A vida transformada por algum tipo de crime, começa a mudar de novo com o trabalho artesanal. Peças de porcelana, sabonete, crochê e até pneus produzidos por presos estão à mostra no Fórum de Campo Grande, desde ontem (8), e chamam atenção de pessoas que acreditam na segunda chance. São criações à venda para, a cada três dias de trabalho, seja menos um dia na cadeia.
“Para quem não conhece, existe preconceito em apoiar e dar uma segunda oportunidade. Muitos acham que não existe segunda chance, mas, quem somos nós para estar julgando? Já vi pessoas que agarraram a essa chance e hoje tem uma nova vida”, relata a representante comercial, Maria do Rocil.
Para ela, a redução da pena é um incentivo para os detentos mudarem de vida. “É fácil criticar sem saber o que existe por trás de cada trabalho. Sou a favor de diminuir a penalidade porque é um estímulo pra quem está lá na prisão. Dei uma segunda chance a uma ex-detenta, que hoje trabalha comigo e é uma das melhores funcionárias”, disse.
São várias peças artesanais expostas no pátio do Fórum. A mostra é gratuita e faz parte da décima edição da Feira Artesão Livre, em especial do Dia das Mães realizada pela Agepen (Agência Estadual de Administração do Sistema Penitenciário), em parceria com o Poder Judiciário e Ministério Público. O evento continua até sexta-feira (10), e conta com trabalhos de detentos do regime feminino e masculino.
Os trabalhos estão sobre algumas mesas e no chão do pátio do local. Tem pinturas, desenhos, além de camas pets produzidos com pneus de carros. O dinheiro que será arrecado com a comercialização deve repassado para quem produziu as peças.
Acadêmica de filosofia, Adelice Dias Ferreira Gomes esteve na exposição para acompanhar a filha que é estudante de direito. Contudo, aproveitou a ocasião para conhecer os artesanatos e afirma que o preconceito não deve impedir a oportunidade.
“As pessoas erram. É difícil para quem comete delito ter outra chance dentro da prisão. Ela é excluída, rejeitada. Concordo com a redução da pena, pois acredito que é um meio de descobrir algo, que está adormecido neles”, disse.
O aposentado, Wilson Santana, 70 anos, passou pela mostra, mas relatou que não gosta artesanato. Entretanto, achou diferente e acredita que o trabalho é uma maneira dos internos não ficarem “ociosos”. “Assim tem algo para fazer. Apoio a redução na pena, desde que estejam trabalhando. Todos merecem a segunda chance”, afirmou.

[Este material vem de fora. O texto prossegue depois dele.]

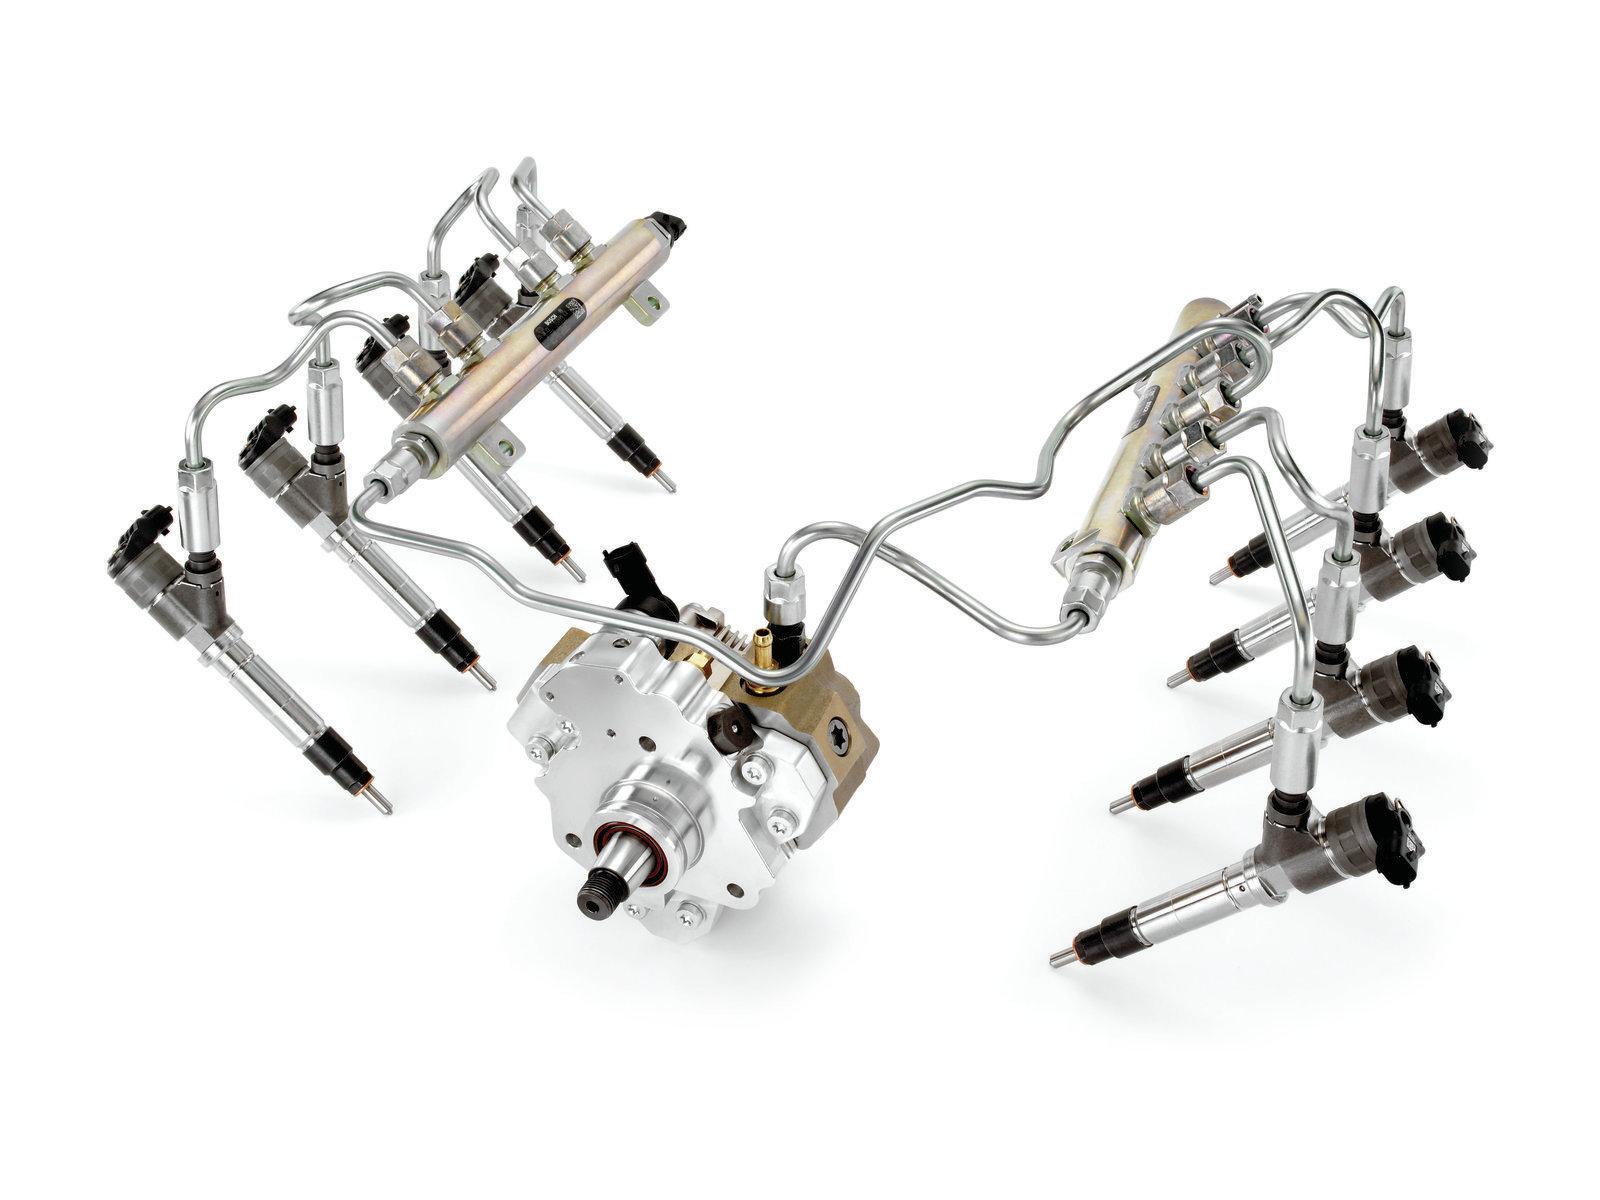 small resolution of diagram 2000 pontiac montana engine vibration dampener wiring library rh 99 budoshop4you de

Ele comenta que recebeu uma segunda chance após ter três paradas cardíacas, há 13 anos. “Enfartei e o meu cardiologista me deu como morto. Fique dez minutos sem sinal de vida, ganhei outra oportunidade de viver e penso que todos merecem o mesmo”, falou.
Vendas – A chefe da divisão de trabalho prisional e agente penitenciária, Elaine Alencar conta que o dinheiro das vendas será repassado para os internos que produziram as obras. “Eles estabelecem os valores de cada peça, os trabalhos estão etiquetados informando o nome de quem fez. Faremos um balanço após a mostra e passaremos o valor”, disse.
“O dinheiro é para eles comprarem produtos básicos na cantina do regime ou entregaram para alguém, pois recebem visitas dos familiares nos finais de semana”, relata a agente. Elaine fala sobre os trabalhos. “Tem interno conseguindo reduzir a pena através do artesanato. A cada três dias de trabalho, é um dia a menos. Cada núcleo de produção tem um coordenador que é um servidor penitenciário e faz a intermediação da compra do material, e ensina técnicas”.
Ela comenta que os trabalhos em porcelana foram produzidos por um grupo de arte terapia, coordenado por uma psicóloga. “São internos em medidas de segurança, que a maioria tem problemas psiquiátricos”, fala.
Sobre a reação das pessoas ao descobrirem quem produziu as peças, ela diz. “Quando comunicamos que foi um interno, elas pensam que têm mais um motivo para comprar. Sentem-se responsáveis socialmente pela vida daqueles que estão presos. É uma forma também de aproximá-los do mercado de trabalho, porque o artesanato é uma profissão”, concluiu.